Condivido appieno il contributo di Comi
In effetti ci eravamo già sentiti sull’argomento all’epoca dell’aggiornamento dove ( giustamente ) si era molto parlato degli ” strumenti ” e dei ” materiali ” in uso ai chiodatori e si era ( ingiustamente ) tralasciata la ” visione”della parete nella sua INTEGRALITA’.
Valutando dal sistema circostante (sito ) all’aspetto storico ( vie già esistenti di solito con chiodi normali ),passando attraverso quella “IDEA” personale dettata dall’esperienza, come una firma,che rende diverse le caratteristiche degli itinerari tra loro.
Ed è proprio nella creatività che nascono le grandi differenze,valore assoluto di ognuno di noi.

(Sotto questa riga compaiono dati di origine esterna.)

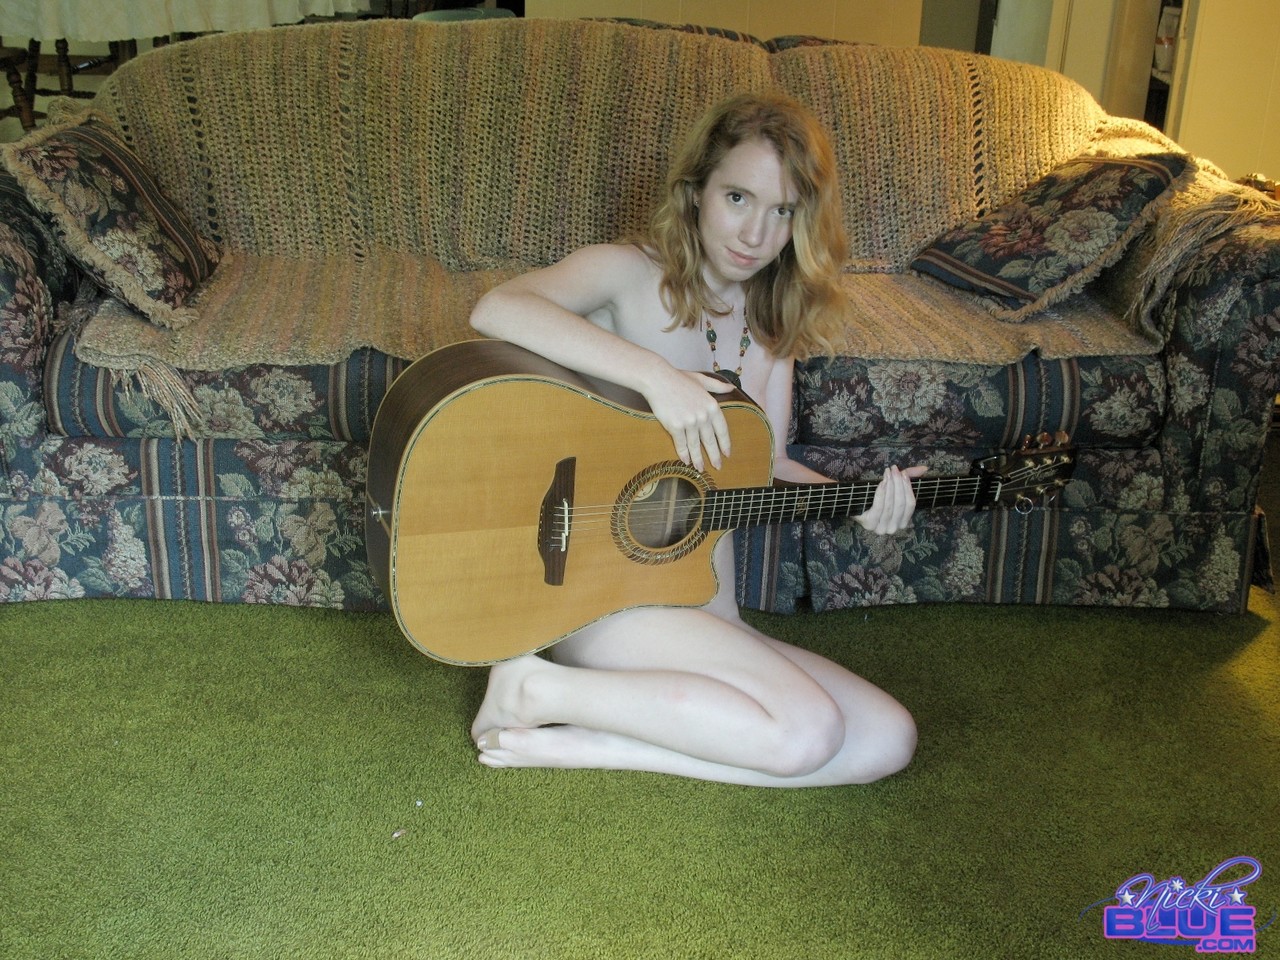 19-year-old babe Nicki Blue posing nude with a guitar in her hands foto pornográfica #424548935 | Pornstar Platinum Pics, Nicki Blue, Redhead, pornografia móvel
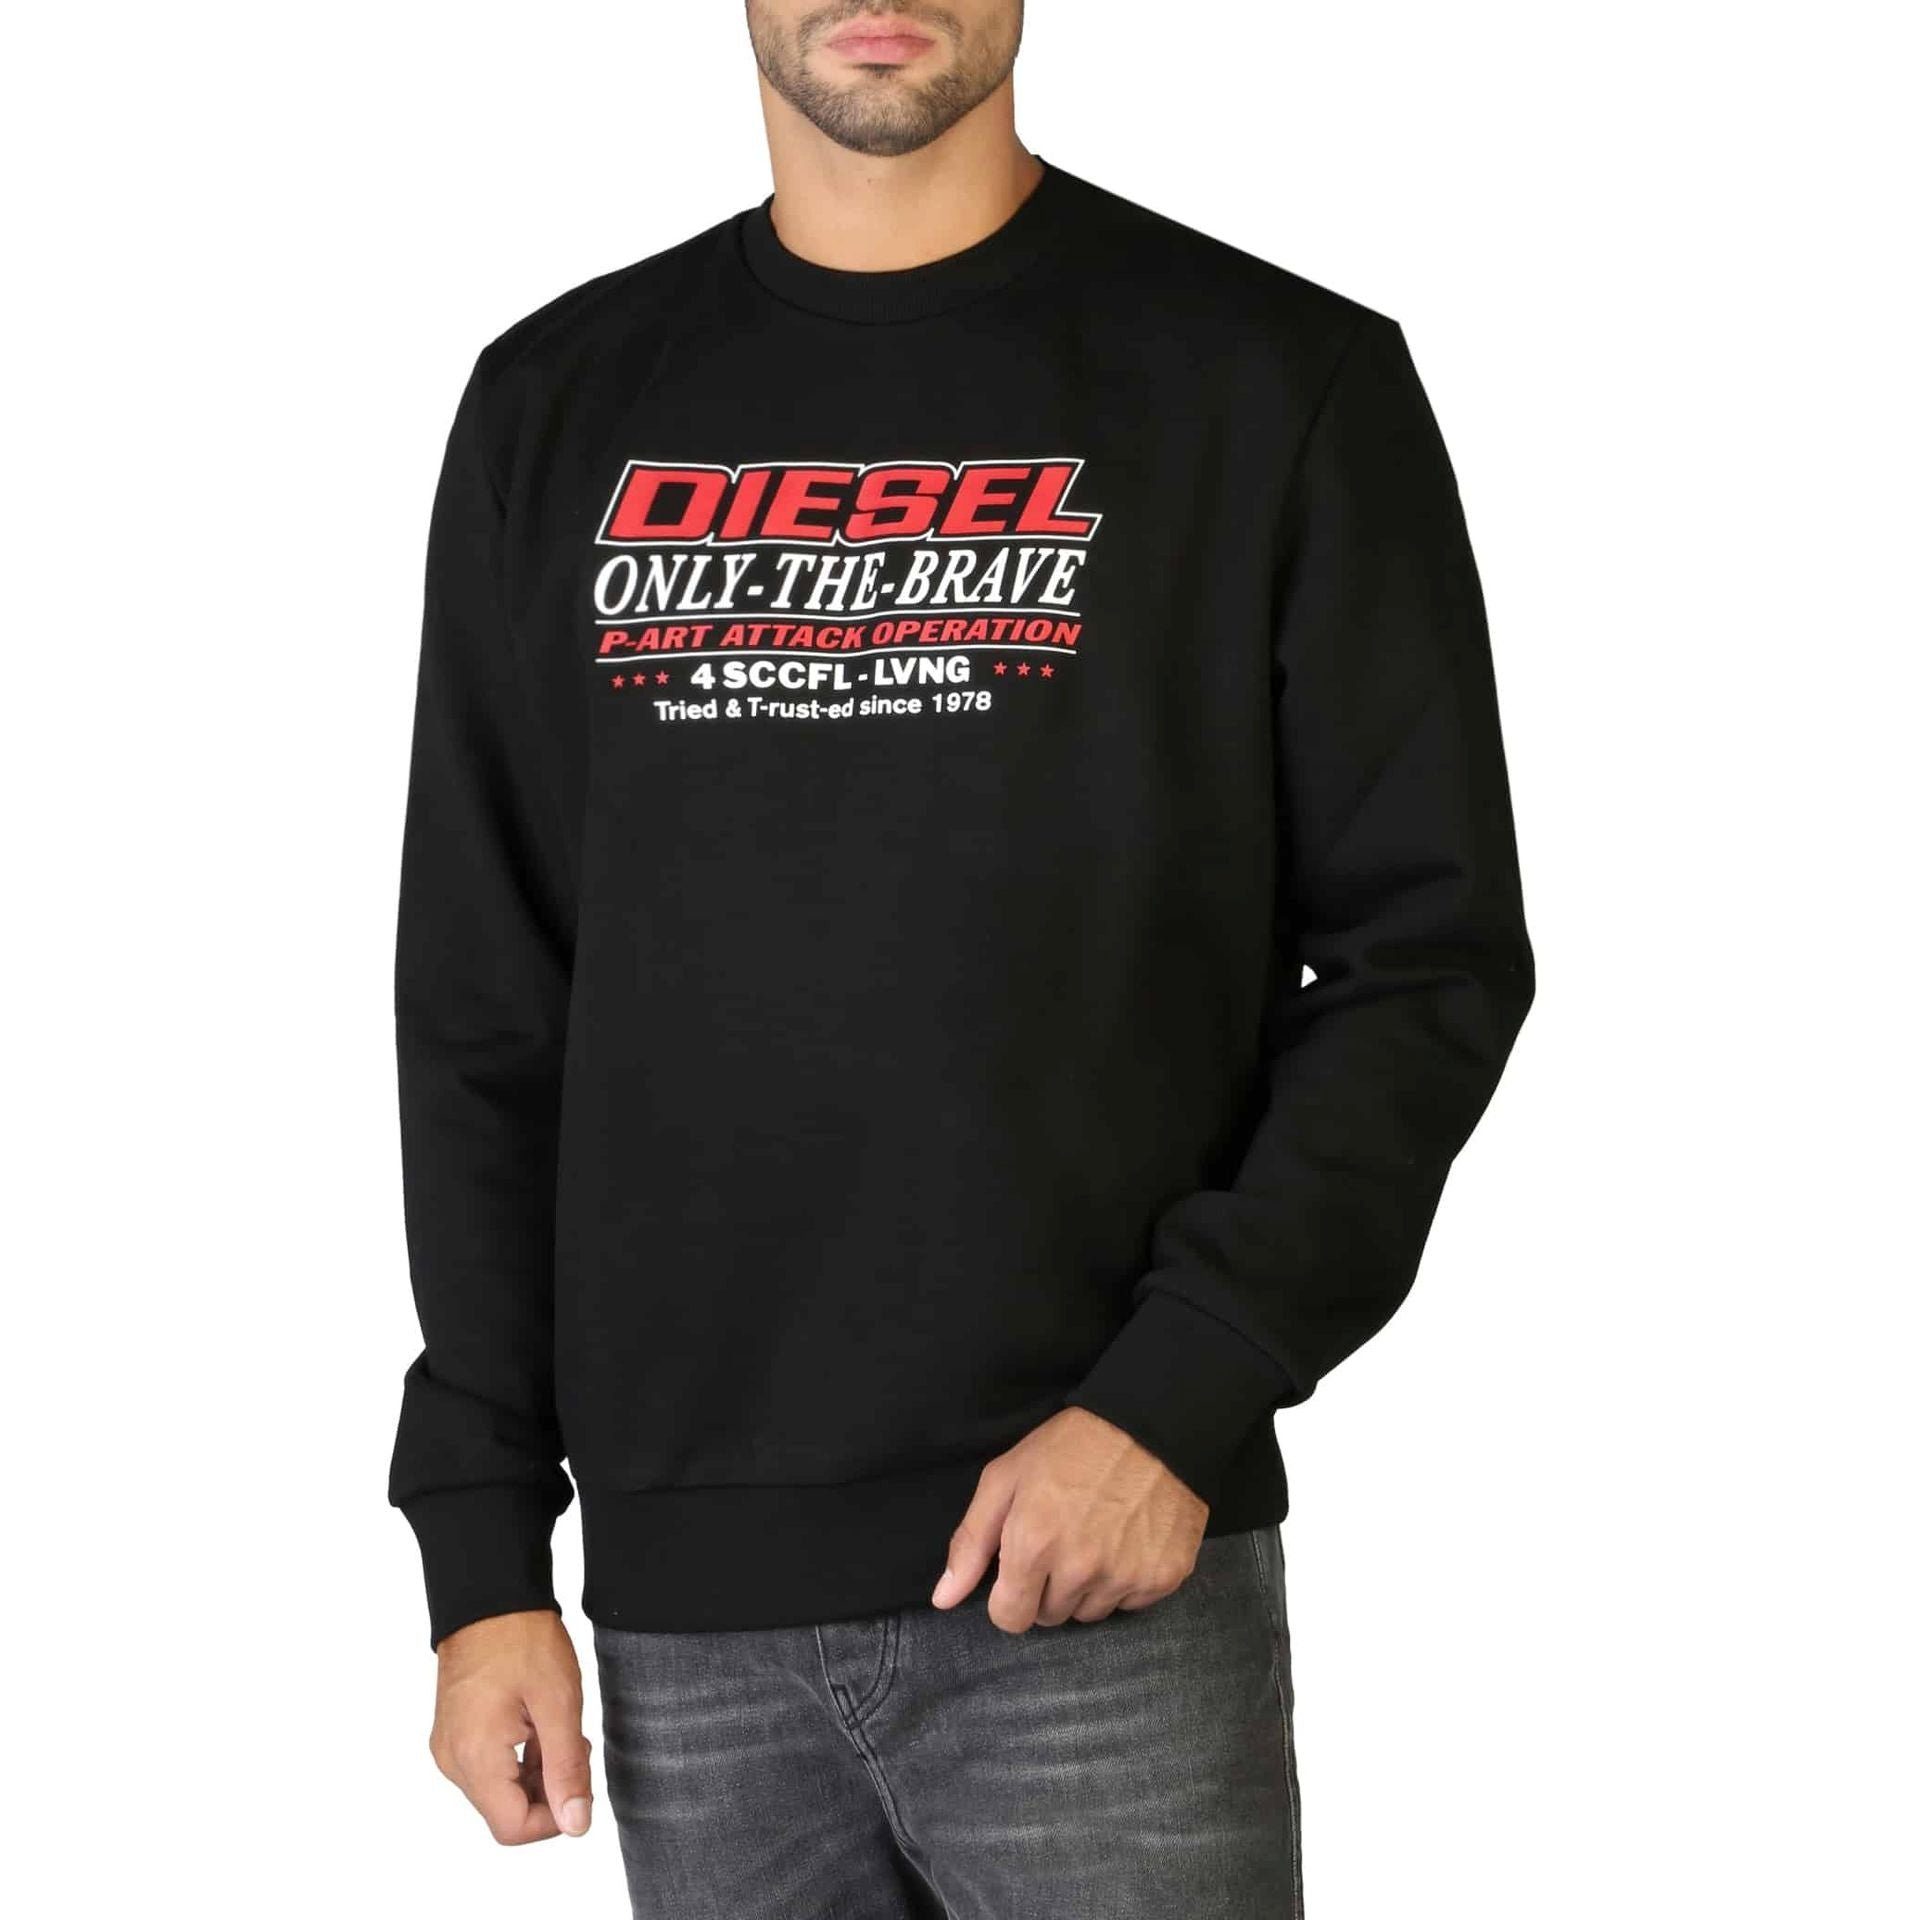 Diesel Sweatshirt Diesel Herren Sweatshirt mit Rundhalsausschnitt, Schwarz Komfort und Stil - Ihr neues Diesel Sweatshirt wartet!

Un bel contributo, fatto di passione. Ho condiviso con Michele l’aggiornamento sulla “chiodatura” e non si può non rilevare come l’invisibile attrazione verso gli “strumenti” in uso all'”artista” a volte supera l’ideazione o comprensione dell'”opera” stessa, ma tant’è.
Li vie sono come un opera d’arte? Può darsi che questo paragone possa essere un pò esagerato.
Ma è fuori dubbio, che sono l’espressione di chi le ha aperte. Del modo di concepire la scalata, l’espressione del proprio coraggio e delle proprie paure.
Per questo devono restare come sono state create. Un richiodatore se interviene, deve intevenire con il rispetto e i principi del restauratore.
Potrei portare l’esempio del monte Procinto in Apuane. Dopo vari incontri, discussioni si delineraroni due linie di pensiero.
Chi voleva schiodare e richiodare im modo sportivo, eliminando tutti i tratti di artificiale storico rendendo quindi obbligatoria l’arrampicata libera.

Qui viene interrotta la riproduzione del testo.